The Null Device
Posts matching tags 'rachel goswell'
The shoegazer movement may have died out in the mid-1990s in most places, but in London, it's alive and well every month at Club AC30. Your Humble Narrator went along to this month's one.
Club AC30 is held at a pub named The Water Rats (presumably after the Australian police soap; I heard that the Poms love Australian TV, but didn't think they'd take it quite this far), not far from King's Cross, and features bands and a DJ.
First up was a Clairecords shoegazer outfit named Air Formation; they took to the stage and proceeded to make a wall of noise not unlike My Bloody Valentine or someone. The sound in the venue, or possibly the mixing, wasn't the best, though, so at times it was hard to tell whether, in fact, the keyboard (a Yamaha CS-1X) was plugged in. Anyway, they were quite good, though I'm not sure if I'll get their CD.
Next up was a Swedish band named Douglas Heart (not to be confused with Douglas Hart, formerly of the Jesus and Mary Chain). They were basically minor-key pop with some shoegazing elements; two guitarists, a bass player, a drummer, a Roland D-50 keyboard (wasn't that the one all the gothic-rock bands used in the 1980s or something?), and a female vocalist, who also played melodica and trumpet. Except that the microphones didn't seem to work very well, and half of the time the audience couldn't hear her. Anyway, they sounded a bit like the Cranes or the Sundays or someone; most of their set didn't grab me, but the last song (a stomping number with a great big fuzzy monster bass line) changed my mind.

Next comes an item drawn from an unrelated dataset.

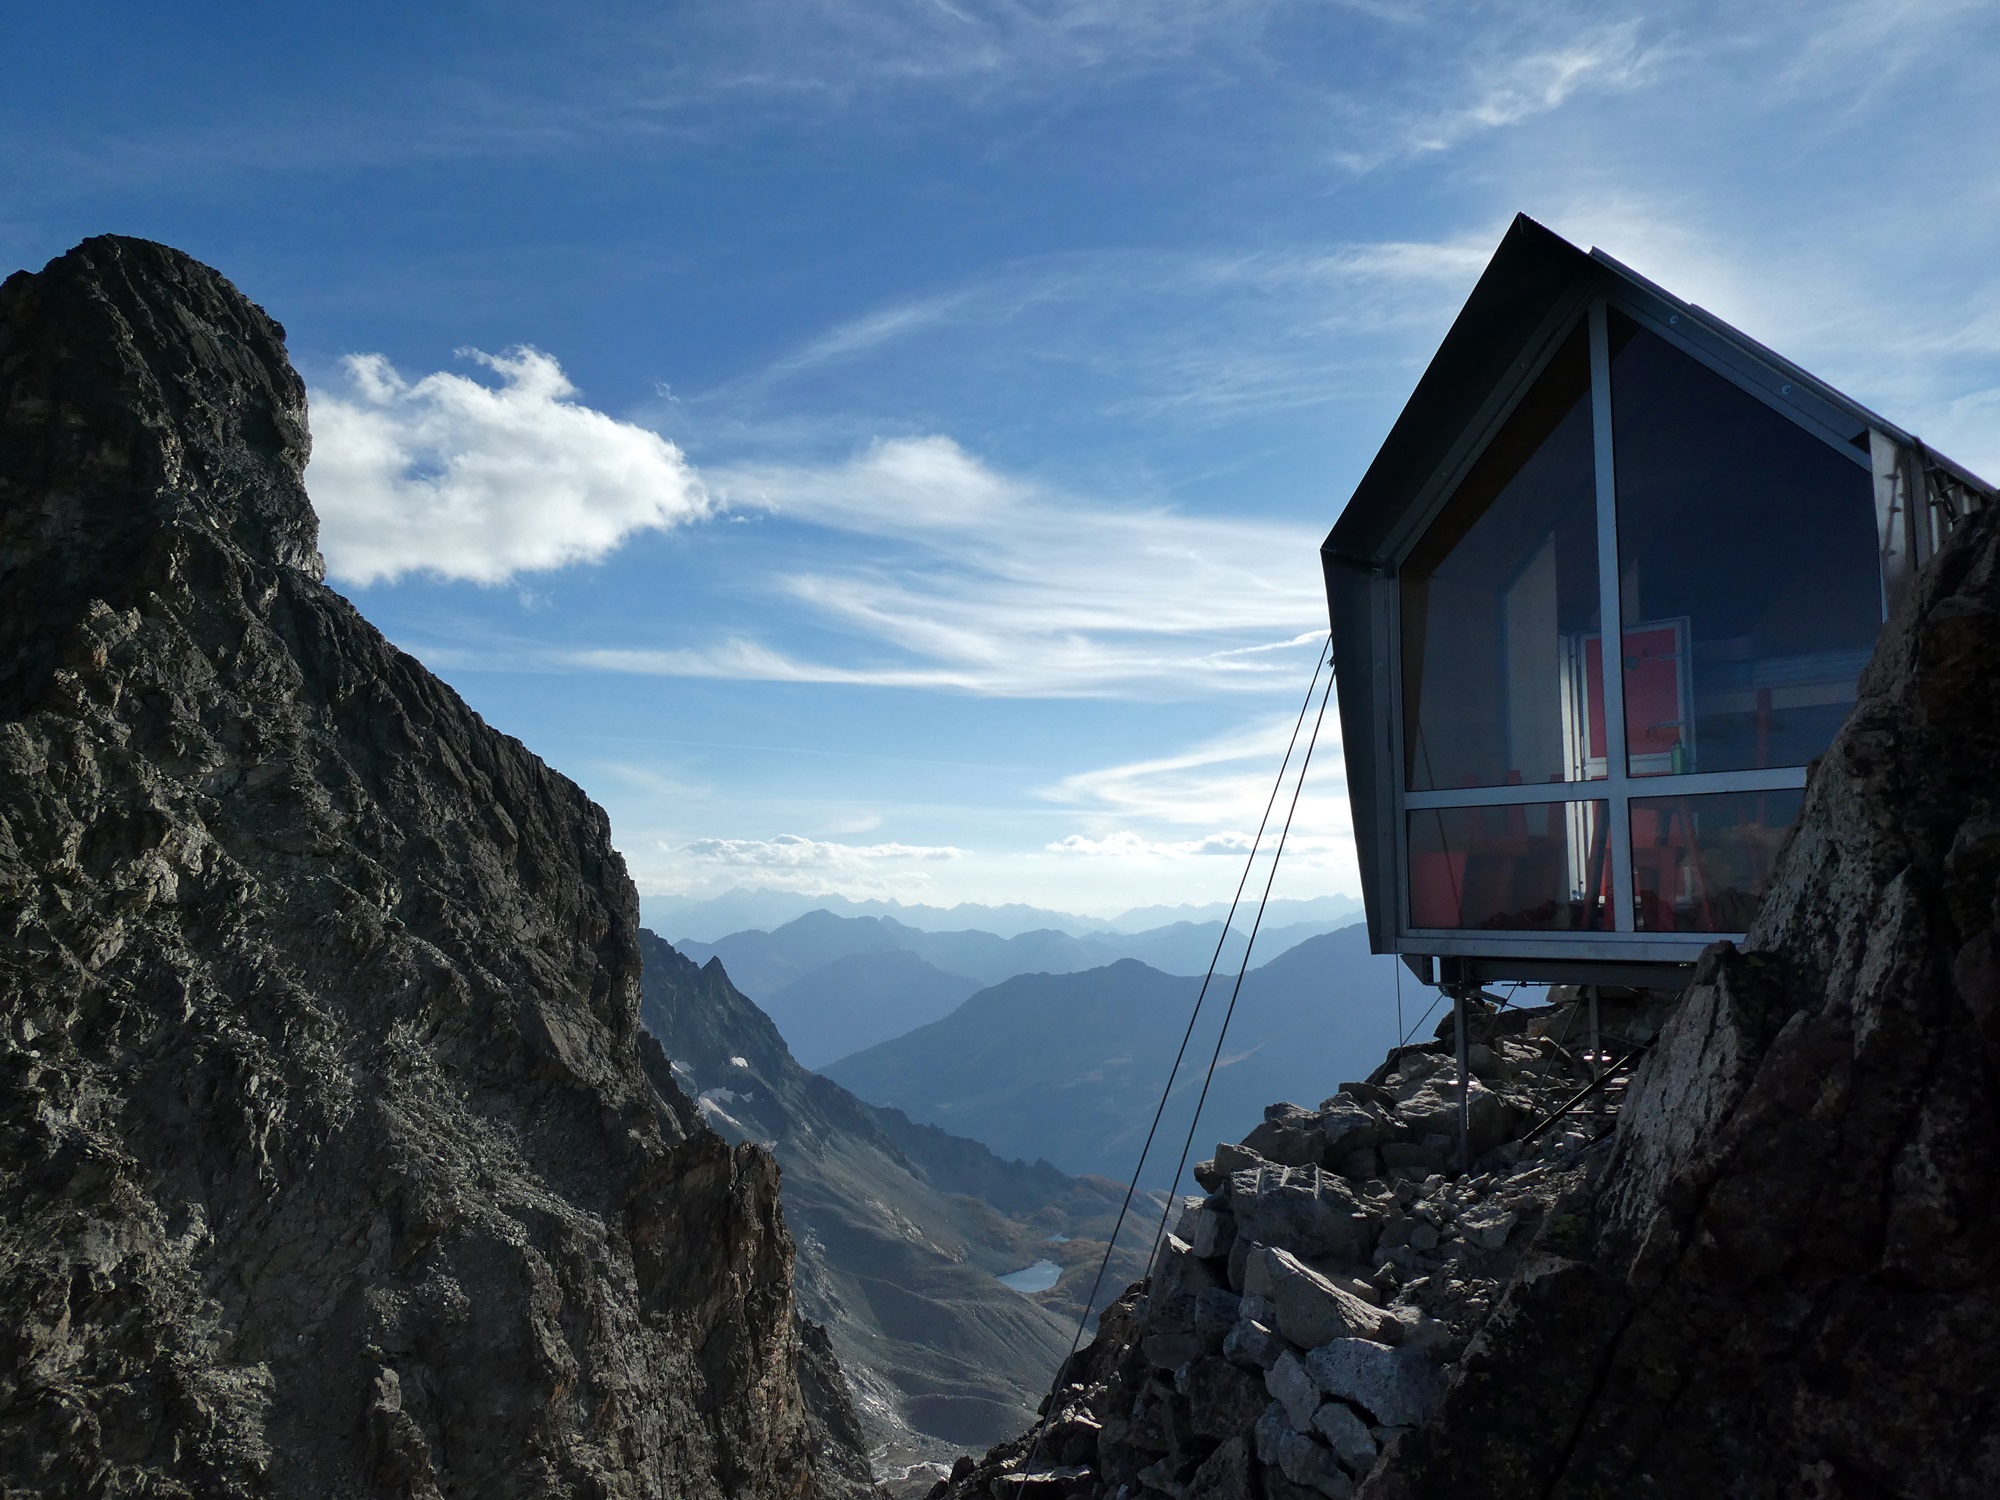 Spektakularne schronisko we włoskich Alpach
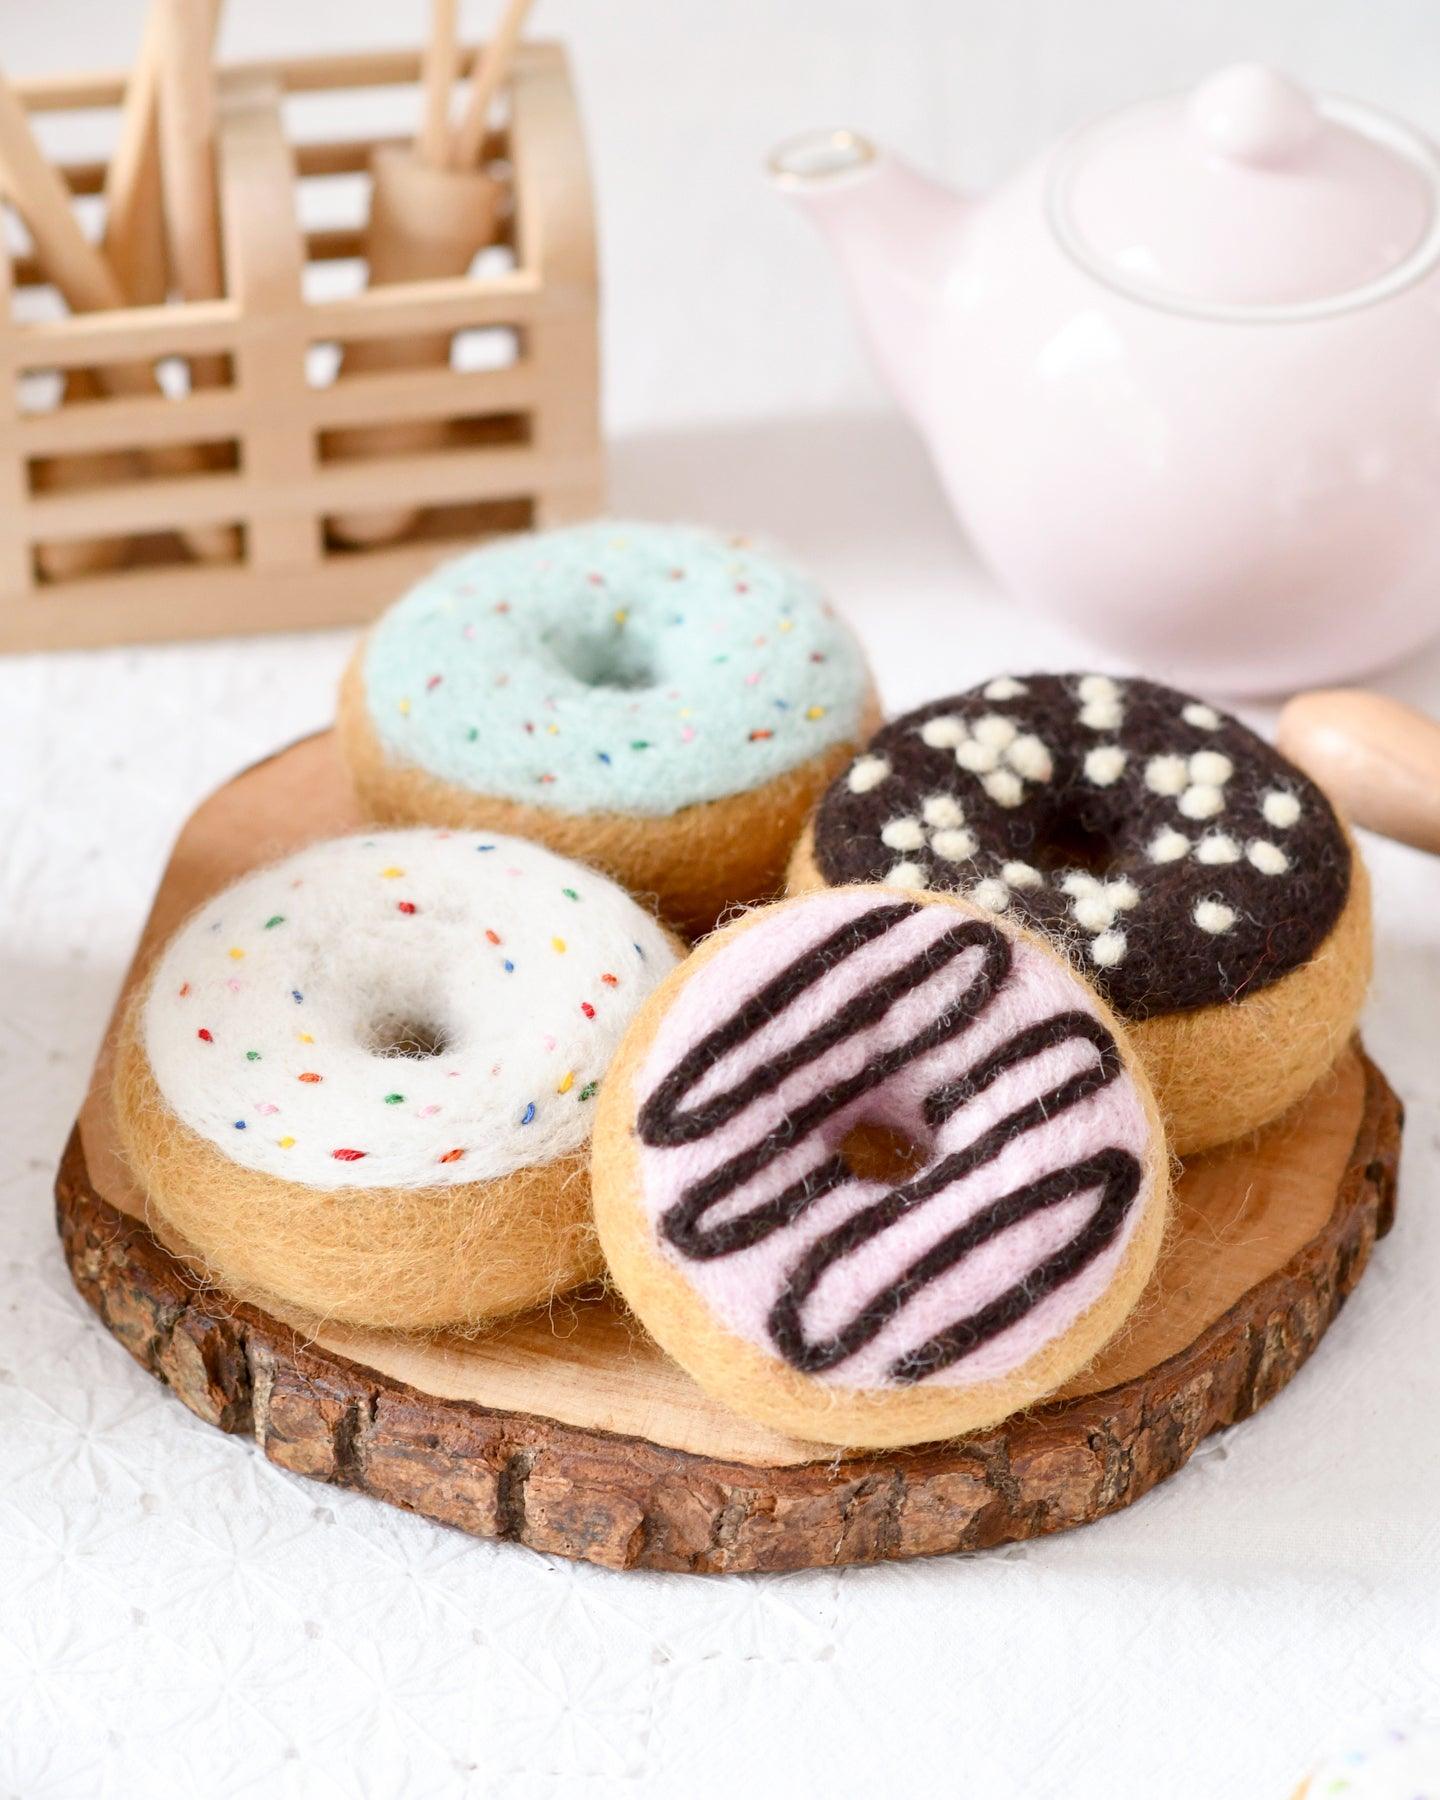 Felt Doughnut (Donut) with Classic Glaze and Rainbow Sprinkles - Tara Treasures

The third act was Rachel Goswell, someone who gets invited to these things largely on the strength of what she was doing 10 years ago. Her act these days is basically acoustic-guitar folk, much of the sort you could find at any acoustic open-mike night in Fitzroy. For some of the songs of this gig, she had a band with guitar and bass, though her set still contained no shoegazing action whatsoever. She does, though, have a lovely voice. The audience hushed respectfully as she came on (shushing those still talking amongst them), applauded after each song, and called for an encore, which she obliged them with.
Between sets, Ulrich Schnauss DJed, playing a lot of ambient tracks, ranging from shoegazer to electronica; there were some really nice tracks in the mix he played.
Last night, I went to the ICA to see a performance by Rachel Goswell, who was doing a support set for the Cranes. She did pretty much the acoustic guitar-folk singer-songwriter thing, accompanied by a bloke with a guitar. Rachel started off singing as her accompanist played guitar, and later ended up picking up a guitar (and, towards the end, a small squeezebox). A few songs into the set, one fan called out requesting Catch The Breeze, which Rachel politely declined, saying that it was 12 years too late for that.
Anyway, it was pleasant enough (Rachel, as Slowdive fans will know, has a lovely voice, and the guitar parts were quite good too), though I couldn't help but think that it would have benefitted from a few more layers; perhaps some strings or even some low-key electronics.
I caught a few songs by the Cranes (by when the albedo of the crowd had darkened considerably); they were basically a goth take on early-90s shoegazer, much as I remembered. And the vocalist sounds as if her voice was being played back at slightly too high a speed.
More from the Rachel Goswell interview:
RG: Slowdive I look back with pleasure and pain really. The first couple of years was really exciting. And I was a teenager turning into my 20's. I had a lot of experiences I will never forget! Neil and I broke up around the recording of 'Souvlaki' and it was extremely difficult maintaining a working relationship. there was alot of anger and tears. I would say it wasn't really til we started on Mojave that we really broke free of each other completely, personally. Mojave 3 has been alot easier, far more relaxed and by mid twenties you're kind of more sussed about life (though not as much as when you hit 30, lol).
I didn't know that. After this, I'll probably listen to Souvlaki (and, to a lesser extent, Pygmalion) somewhat differently; in particular, just how personal songs like Dagger really are. Though, OTOH, Pygmalion always did have a sense of transcendence-through-abstraction, at least to me.